Brian Bollinger

No. 77, 71
- Position: Guard

Personal information
- Born: November 21, 1968 (age 57) Indialantic, Florida, U.S.
- Listed height: 6 ft 5 in (1.96 m)
- Listed weight: 285 lb (129 kg)

Career information
- High school: Melbourne (Melbourne, Florida)
- College: North Carolina (1987–1991)
- NFL draft: 1992: 3rd round, 76th overall pick

Career history
- San Francisco 49ers (1992–1993); Arizona Cardinals (1994)*; San Francisco 49ers (1994); Arizona Cardinals (1994); Green Bay Packers (1995)*;
- * Offseason and/or practice squad member only

Awards and highlights
- First-team All-ACC (1991); Second-team All-ACC (1990);

Career NFL statistics
- Games played: 39
- Stats at Pro Football Reference

= Brian Bollinger =

American football player (born 1968)

Brian Reid Bollinger (born November 21, 1968) is an American former professional football player who was an offensive guard for three seasons with the San Francisco 49ers of the National Football League (NFL).
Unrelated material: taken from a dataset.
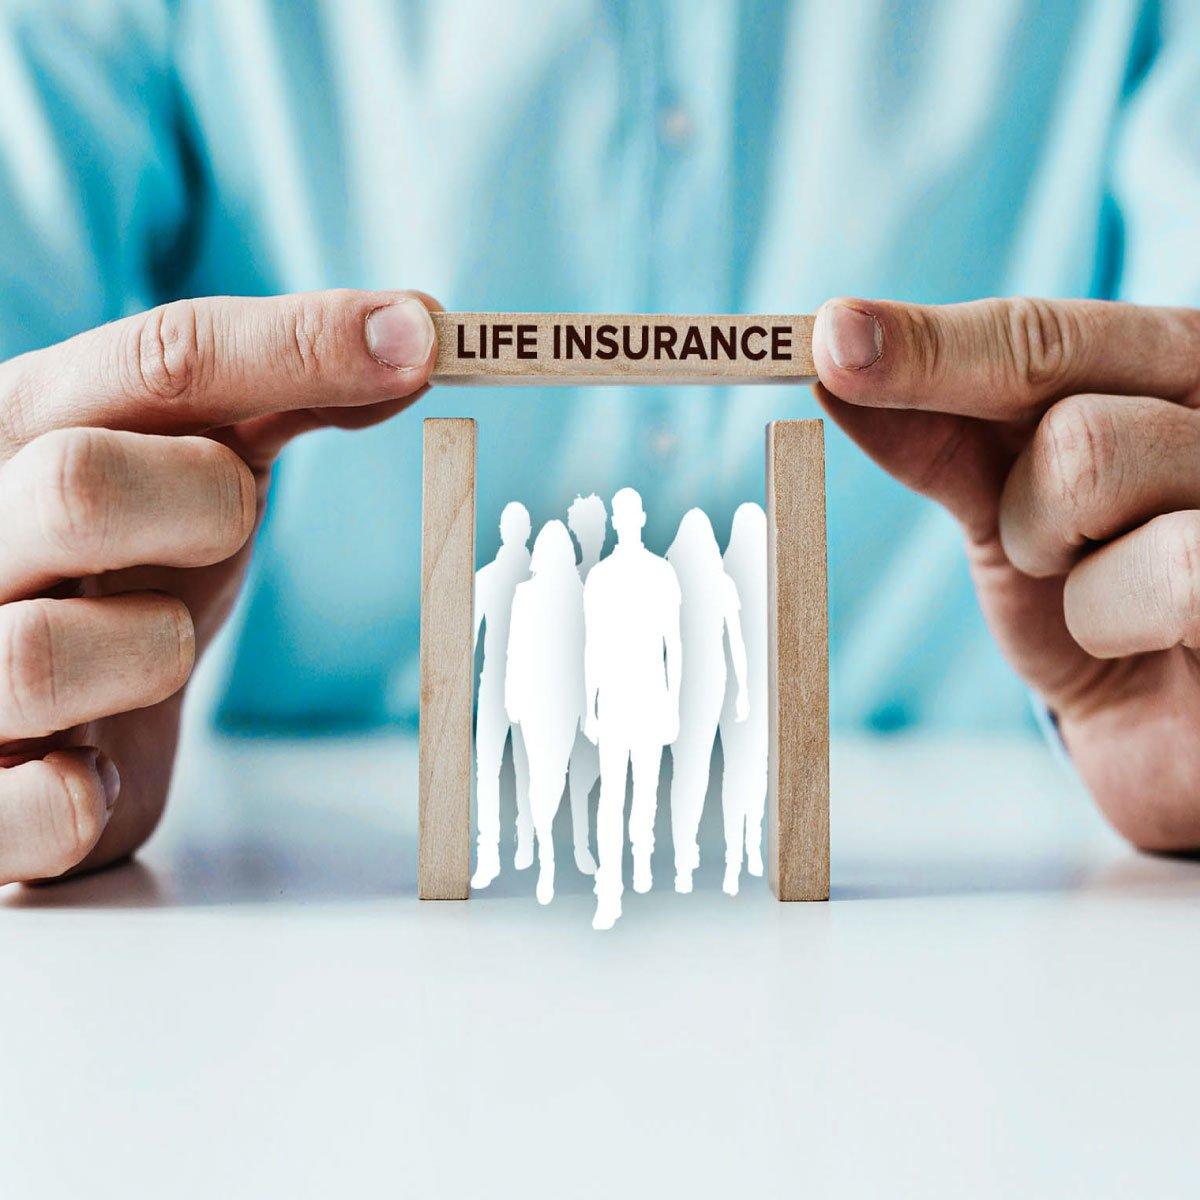 Online Life Insurance Sytem
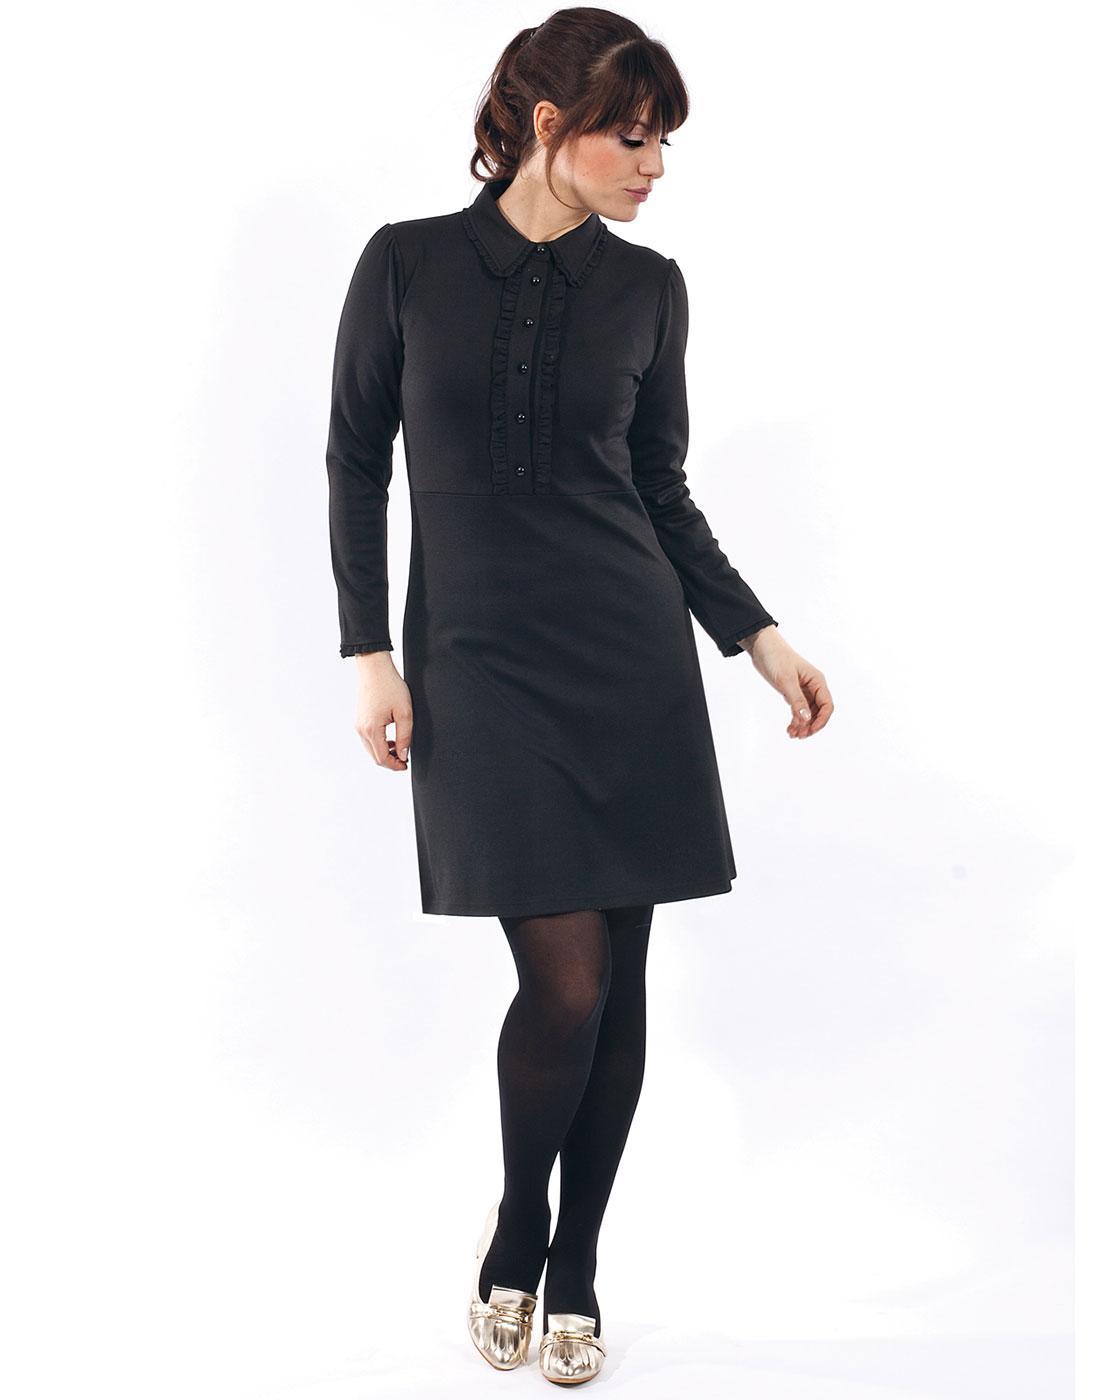 Rebecca MADEMOISELLE YEYE Retro 60s Mod Polo Dress

He was selected by the San Francisco 49ers in the third round of the 1992 NFL draft after playing college football at the University of North Carolina.

==Early life and college==
Brian Reid Bollinger was born on November 21, 1968, in Indialantic, Florida. He attended Melbourne High School in Melbourne, Florida.

Bollinger was a member of the North Carolina Tar Heels of the University of North Carolina at Chapel Hill from 1987 to 1991. He was redshirted in 1987 and was a four-year letterman from 1988 to 1991. He was named second-team All-Atlantic Coast Conference (ACC) by the Associated Press (AP) in 1990 and first-team All-ACC by the AP in 1991.

==Professional career==
Bollinger was selected by the San Francisco 49ers in the third round, with the 76th overall pick, of the 1992 NFL draft. He officially signed with the team on July 16. He played in all 16 games for the 49ers during his rookie year in 1992. He also appeared in two playoff games that season. Bollinger played in all 16 games for the second consecutive season in 1993. He appeared in two playoff games again as well. He was waived by the 49ers on July 21, 1994.

Bollinger was claimed off waivers by the Arizona Cardinals on July 22, 1994. He was waived on August 23, 1994.

He signed with the 49ers again on September 7, 1994. He played in seven games for the 49ers during the 1994 season before being waived again on November 22, 1994.

Bollinger was claimed off waivers by the Cardinals again on November 23, 1994. He did not appear in any games for the Cardinals and became a free agent after the 1994 season.

He signed with the Green Bay Packers on March 17, 1995, but was later waived on August 15, 1995.